Question

\[\int\frac{1}{1 - \cos x - \sin x} dx =\]

विकल्प

• \[\log\left| 1 + \cot\frac{x}{2} \right| + C\]
• \[\log\left| 1 - \tan\frac{x}{2} \right| + C\]
• \[\log\left| 1 - \cot\frac{x}{2} \right| + C\]
• \[\log\left| 1 + \tan\frac{x}{2} \right| + C\]

Answer 1

\[\log\left| 1 - \cot\frac{x}{2} \right| + C\]

 

 

\[\text{Let }I = \int\frac{dx}{1 - \cos x - \sin x}\]

\[ = \int\frac{dx}{1 - \left( \frac{1 - \tan^2 \frac{x}{2}}{1 + \tan^2 \frac{x}{2}} \right) - \frac{2 \tan \frac{x}{2}}{1 + \tan^2 \frac{x}{2}}}\]

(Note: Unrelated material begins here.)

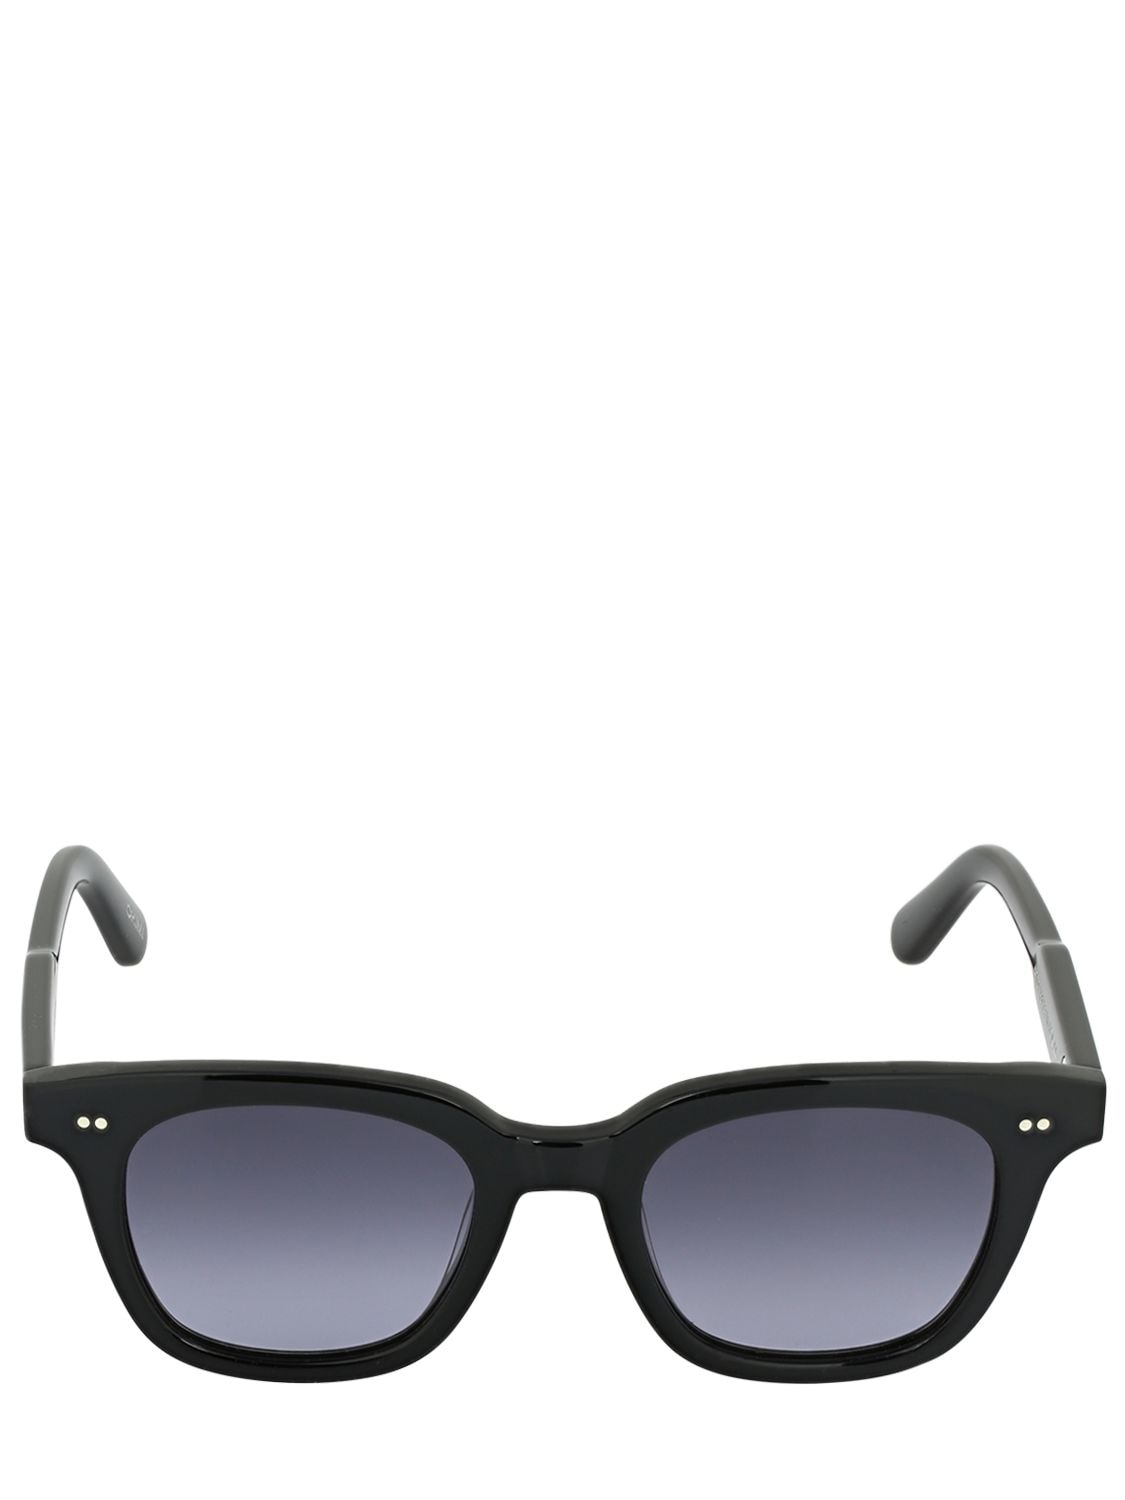 Chimi 101 Black Square Acetate Sunglasses In Black,grey

\[ = \int\frac{\left( 1 + \tan^2 \frac{x}{2} \right) dx}{\left( 1 + \tan^2 \frac{x}{2} \right) - \left( 1 - \tan^2 \frac{x}{2} \right) - 2 \tan \frac{x}{2}}\]

\[ = \int\frac{\sec^2 \frac{x}{2} dx}{2 \tan^2 \frac{x}{2} - 2 \tan \frac{x}{2}}\]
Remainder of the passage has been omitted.